Coronary CT angiography accurate after implantation of bioresorbable vascular scaffolds
MONDAY, July 24, 2017 (HealthDay News) — Coronary computed tomography angiography (CCTA) is accurate for assessing angiographic outcomes after bioresorbable vascular scaffold (BVS) implantation, according to a study published online July 19 in JACC: Cardiovascular Imaging.
Carlos Collet, M.D., from the University of Amsterdam, and colleagues examined the diagnostic accuracy of CCTA for assessing angiographic outcomes after implantation of BVS. Two hundred thirty-eight patients (258 lesions) treated with BVS implantation underwent coronary angiography with intravascular ultrasound (IVUS) evaluation and CCTA at three-year follow-up in the ABSORB II study. The area under the receiver operating characteristic curve (AUC) was used to assess the diagnostic accuracy of CCTA.
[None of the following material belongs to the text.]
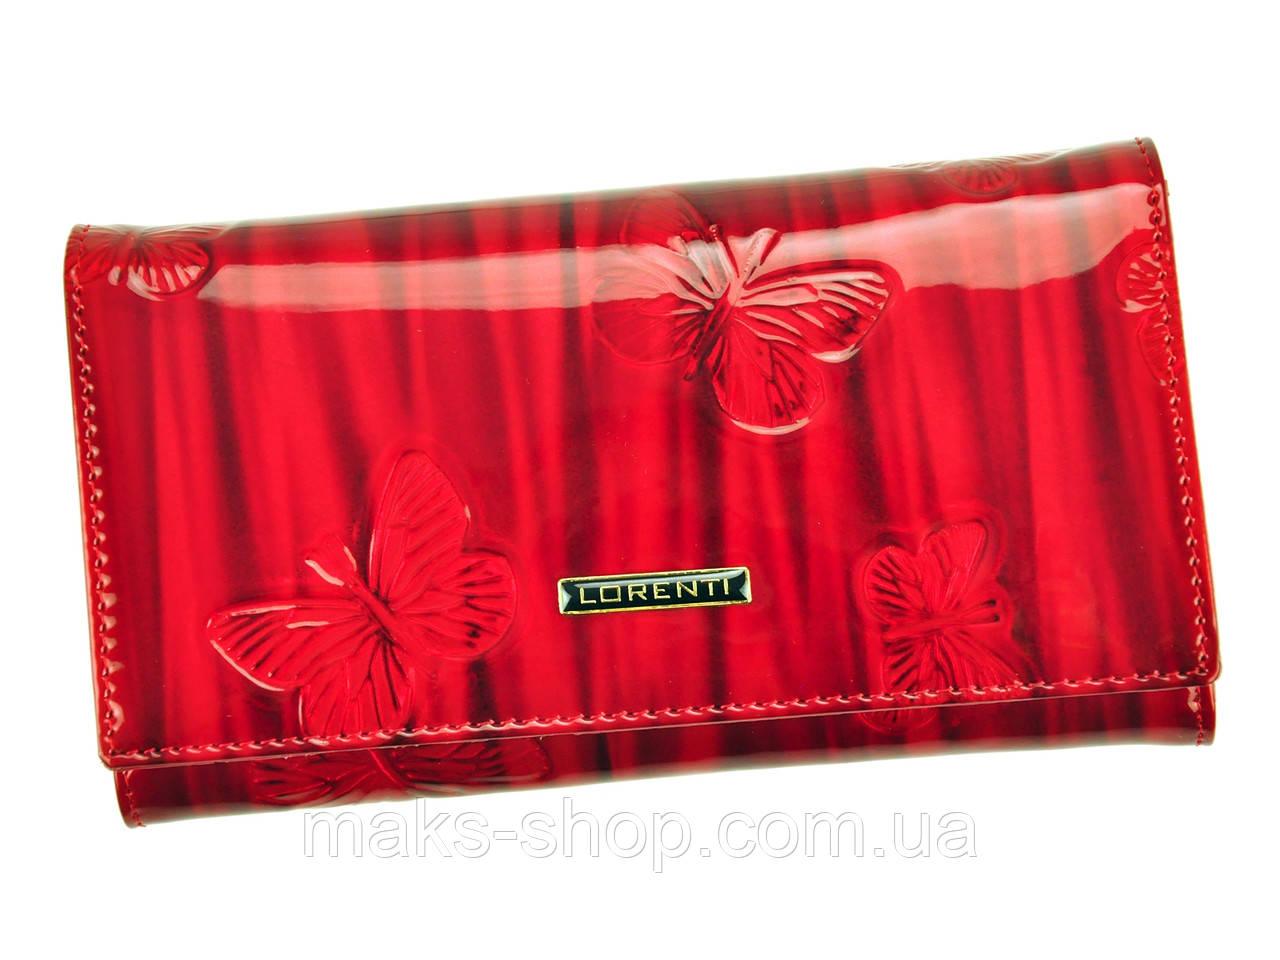 55e54fd07b8e Женский кожаный кошелек Италия - Maks Shop- надежный и перспективный  интернет магазин сумок и аксессуаров

The researchers found that with quantitative coronary angiography as reference, the mean difference in CCTA-derived minimum luminal diameter was 0.14 mm, whereas the mean difference in minimal luminal area (MLA) was 0.73 mm² with IVUS as reference. The AUC was 0.88 for the per-scaffold diagnostic accuracy of CCTA for detecting stenosis based on coronary angiography diameter stenosis ≥50 percent, with sensitivity and specificity of 80 and 100 percent, respectively; diagnostic accuracy based on IVUS MLA ≤2.5 mm² showed an AUC of 0.83. with sensitivity and specificity of 71 and 82 percent, respectively. For identifying patients with a significant lesion based on the IVUS criteria, the diagnostic accuracy of CCTA was similar to coronary angiography.
“CCTA has good diagnostic accuracy to detect in-scaffold luminal obstruction and to assess luminal dimensions after BVS implantation,” the authors write. “CCTA might become the method of choice for the evaluation of patients treated with BVS.”
Several authors are members of the International Advisory Board for Abbott Vascular.